First load the data and extract the ion pairs:

>>> from apav import Roi, MultipleEventExtractor
>>> roi = Roi.from_epos("GBCO.epos")

>>> # Extract all multiple events
>>> mevents = MultipleEventExtractor(roi, "multiples")  # Use all multiple events

Next filter out all ion pairs that are not within the contained area. We are taking the end points of the rectangle as (ion1, ion2) = (79.5, 78.5) Da and (77.5, 80.5) Da, and the width as 0.5 Da. To do this we must transform the coordinate system to a more agreeable coordinate system to more easily with.
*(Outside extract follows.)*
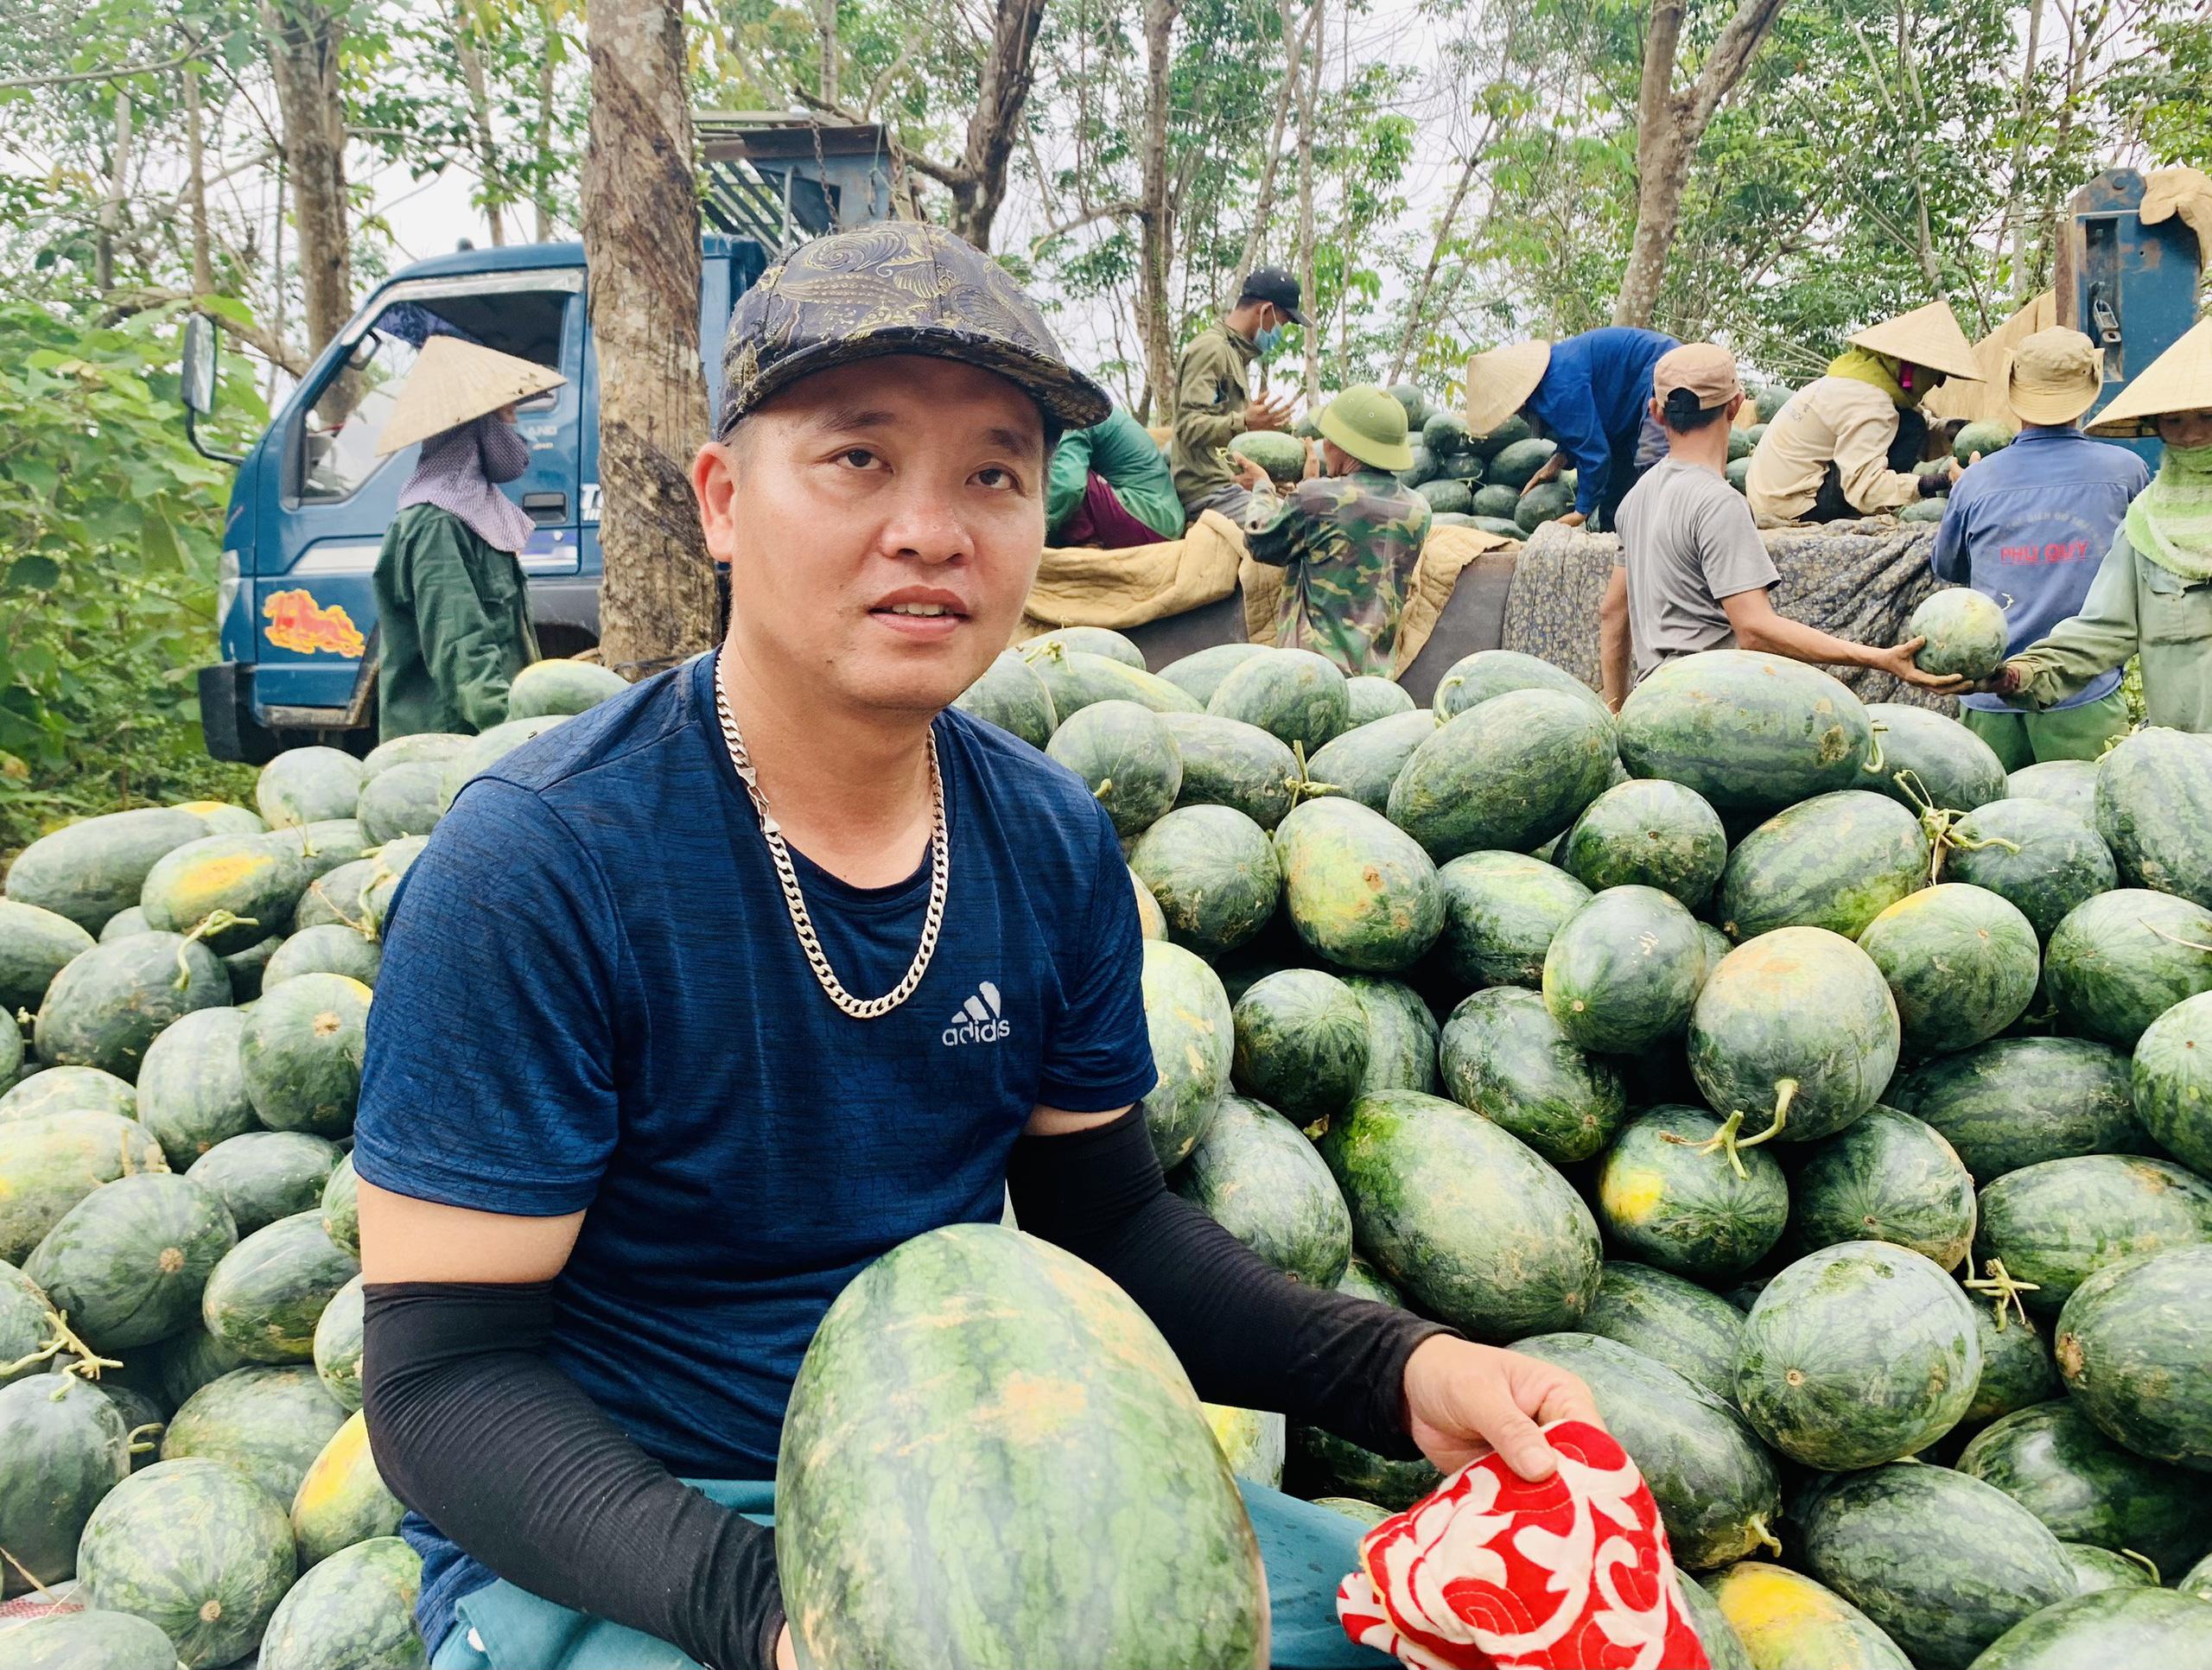 Quảng Bình: Dưa hấu cho quả to, nông dân đánh xe ô tô ra đồng thu hái - Ảnh 5.

We will translate one end of the rectangle to the origin (0, 0) and the rotate so the rectangle is horizontal:

>>> import numpy.linalg as la
>>> import numpy as n

>>> a = n.array([79.5, 78.5, 1])  # Rectangle end point 1 in homogeneous coordinates
>>> b = n.array([77.5, 80.5, 1])  # Rectangle end point 2 in homogeneous coordinates
>>> w = 0.5  # Rectangle width
>>> r = la.norm(b-a)  # Rectangle length

>>> dx = b[0] - a[0]  # X component of rectangle
>>> dy = b[1] - a[1]  # y component of rectangle

>>> # Calculate the rotation angle needed to make the rectangle horizontal
>>> theta = n.arctan(dy/dx)
>>> if theta < 0:
>>>     theta += n.pi

>>> # Construct the rotation transformation
>>> rotT = n.array([[n.cos(-theta), -n.sin(-theta), 0],
>>>                 [n.sin(-theta), n.cos(-theta),  0],
>>>                 [0,             0,              1]])
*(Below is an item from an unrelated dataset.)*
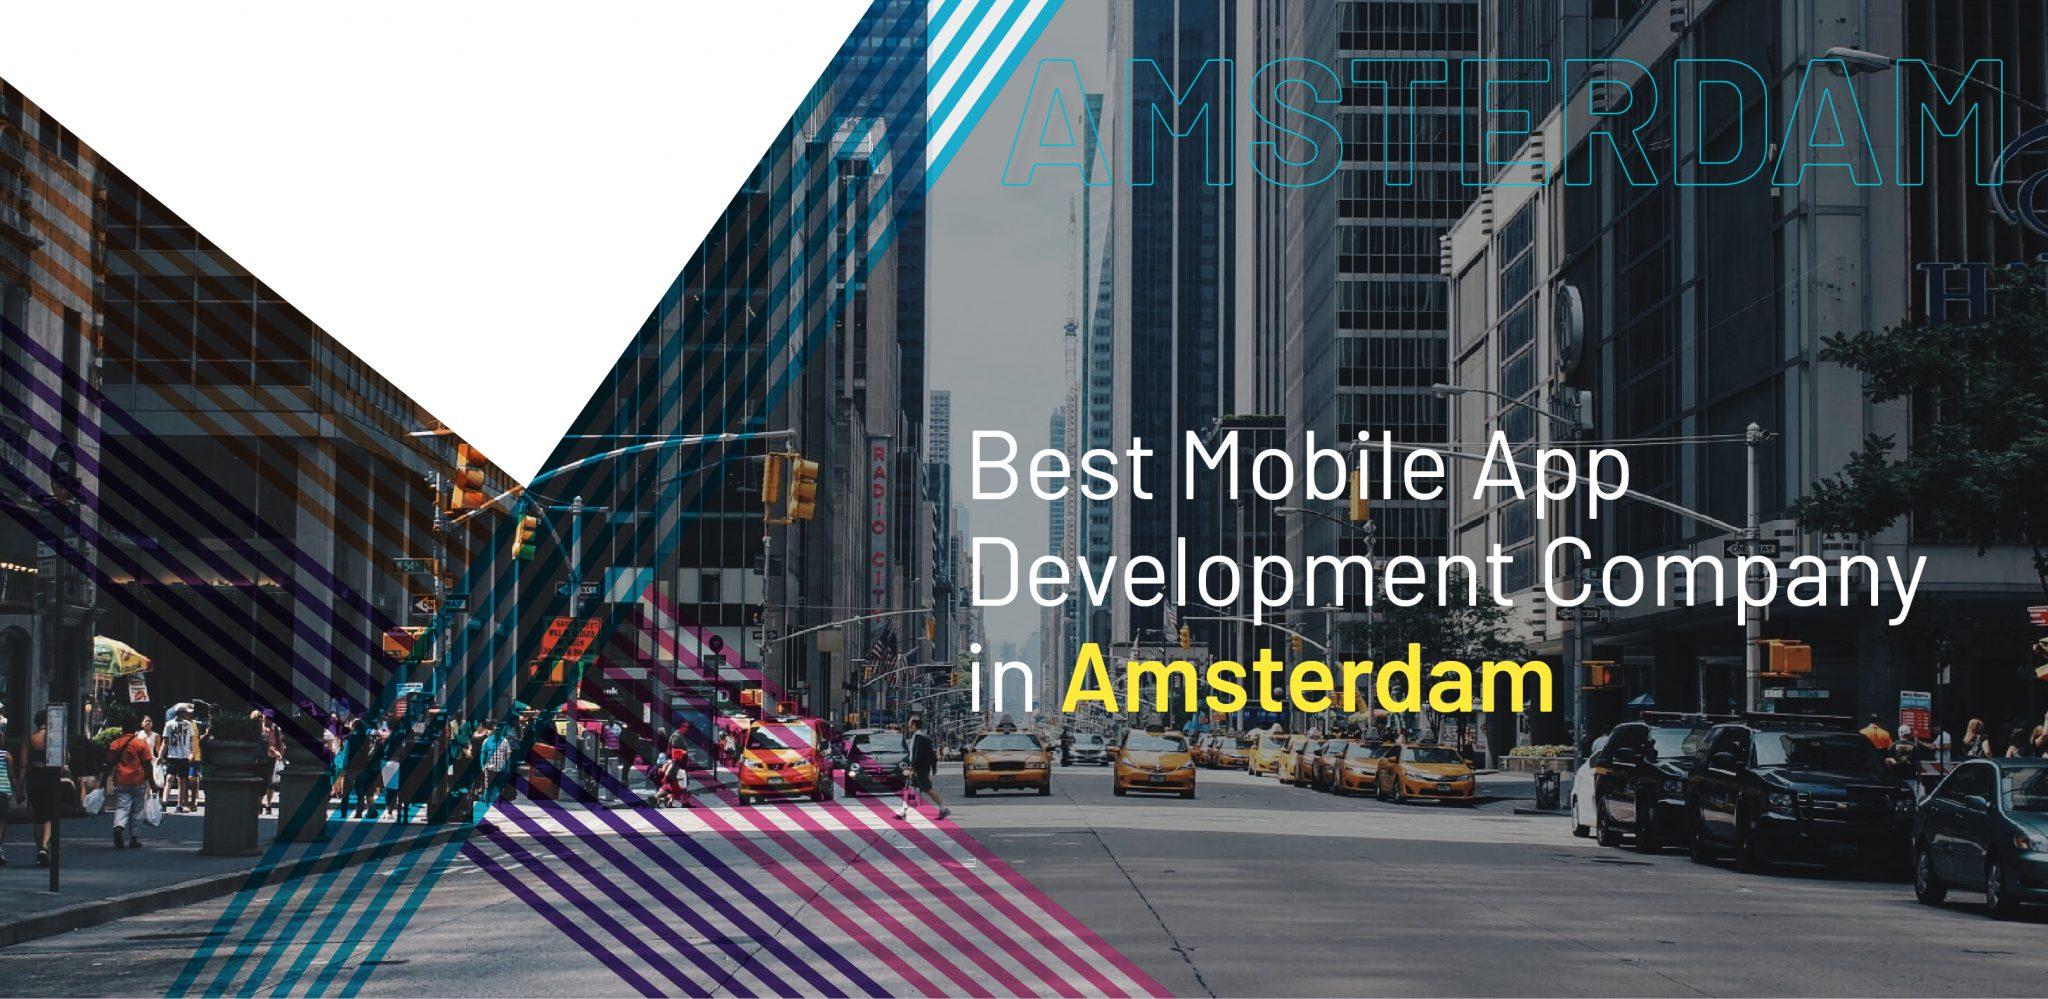 Best Mobile App Development Agency in Amsterdam - WebClues Infotech

>>> # Construct the translation transformation
>>> transT = n.array([[1, 0, -a[0]],
>>>                   [0, 1, -a[1]],
>>>                   [0, 0,    1]])

>>> # Combine the transformations (order matters)
>>> T = rotT @ transT

Now that we have the transformation T ready, calculate the indices for ion pairs located in the rectangle roi:

>>> idx = mevents.pair_indices
>>> mass = data.mass[idx]

>>> # We must work in homogenous coordinates due to the translation transformation, so append a column of ones
>>> mass_hom = n.hstack([mass, n.ones([mass.shape[0], 1])])
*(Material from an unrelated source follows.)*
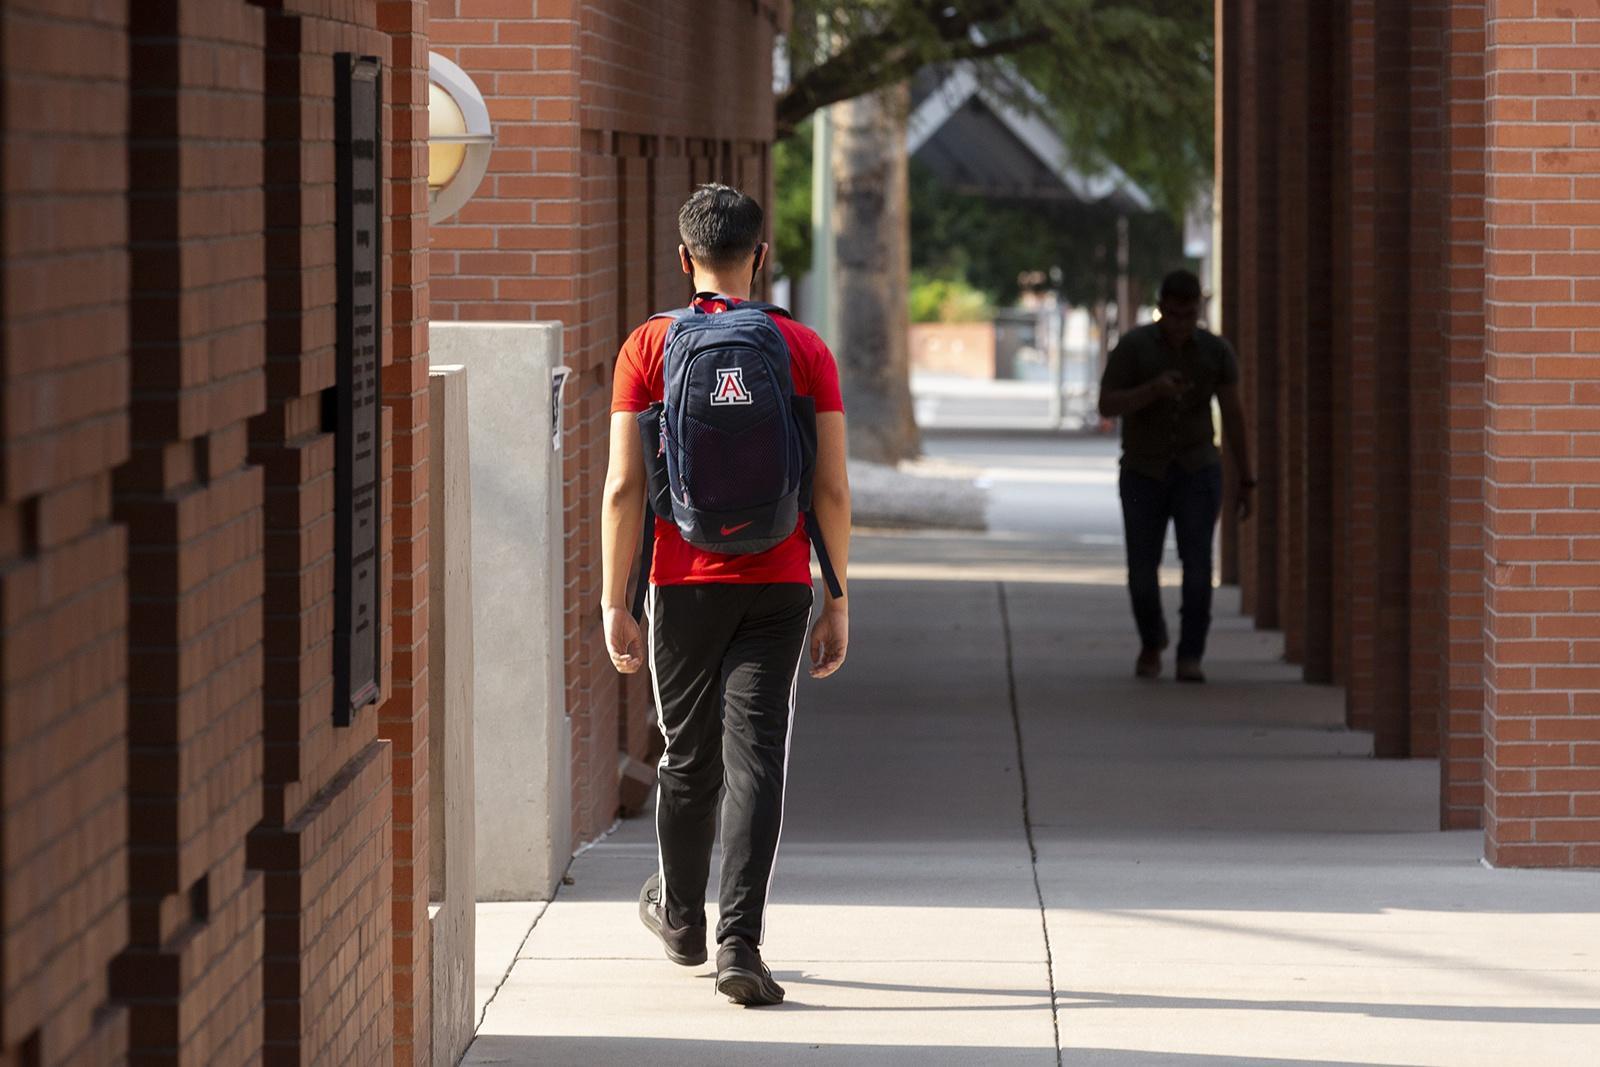 ↑学生走在校园里 图源:Getty

>>> # Apply the transformation and drop off the extra column of ones
>>> transformed = (T @ mass_hom.T).T[:, 0:2]

>>> # Now filter out pairs that are not contained within the rectangle
>>> idx2 = n.argwhere((transformed[:, 0] >= 0) &
>>>               (transformed[:, 0] <= r) &
>>>               (transformed[:, 1] >= -w/2) &
>>>               (transformed[:, 1] <= w/2))[:, 0]

>>> # This is the array of all pairs contained within the rectangle
>>> idx_filt = idx[idx2]

Now use the filtered ion pair indices to retrieve the pair data from within the rectangle and make the plots:

>>> # Filtered mass/charge ratios, TOF, and detector coordinate info
>>> mass_filt = roi.mass[idx_filt]
>>> tof_filt = roi.mass[idx_filt]
>>> detx = roi.misc["det_x"][idx_filt]
>>> dety = roi.misc["det_y"][idx_filt]

>>> diff_detx = detx[:, 1] - detx[:, 0]
>>> diff_dety = dety[:, 1] - dety[:, 0]
>>> diff_det = n.sqrt(diff_detx**2 + diff_dety**2)
>>> diff_mass = n.diff(mass).ravel()
>>> diff_tof = n.diff(tof)

>>> # Plot the data
>>> fig, ax = plt.subplots(1, 2)
>>> ax[0].hist(diff_tof, bins=75, range=(0, 25))
>>> ax[0].set_xlabel("Time of flight (ns)")
>>> ax[0].set_ylabel("Counts")

>>> hist = ax[1].hist2d(diff_det, diff_mass, bins=(100, 100), range=((0, 7), (0, 7)), cmap="hot")
>>> ax[1].set_xlabel("Detector distance (mm)")
>>> ax[1].set_ylabel("Mass/charge difference (Da)")
>>> ax[1].set_aspect("equal")
>>> plt.show()

Finally this produces the two graphs showing both the detector dead time ~3.5 ns (first figure) and the mass/charge ratio difference vs detector distance showing the effect of molecular dissociation orientation on TOF and position.

See this reference for explanation of the right figure:

I. Blum, L. Rigutti, F. Vurpillot, A. Vella, A. Gaillard, and B. Deconihout, “Dissociation Dynamics of Molecular Ions in High dc Electric Field,” J. Phys. Chem. A, vol. 120, no. 20, pp. 3654–3662, 2016.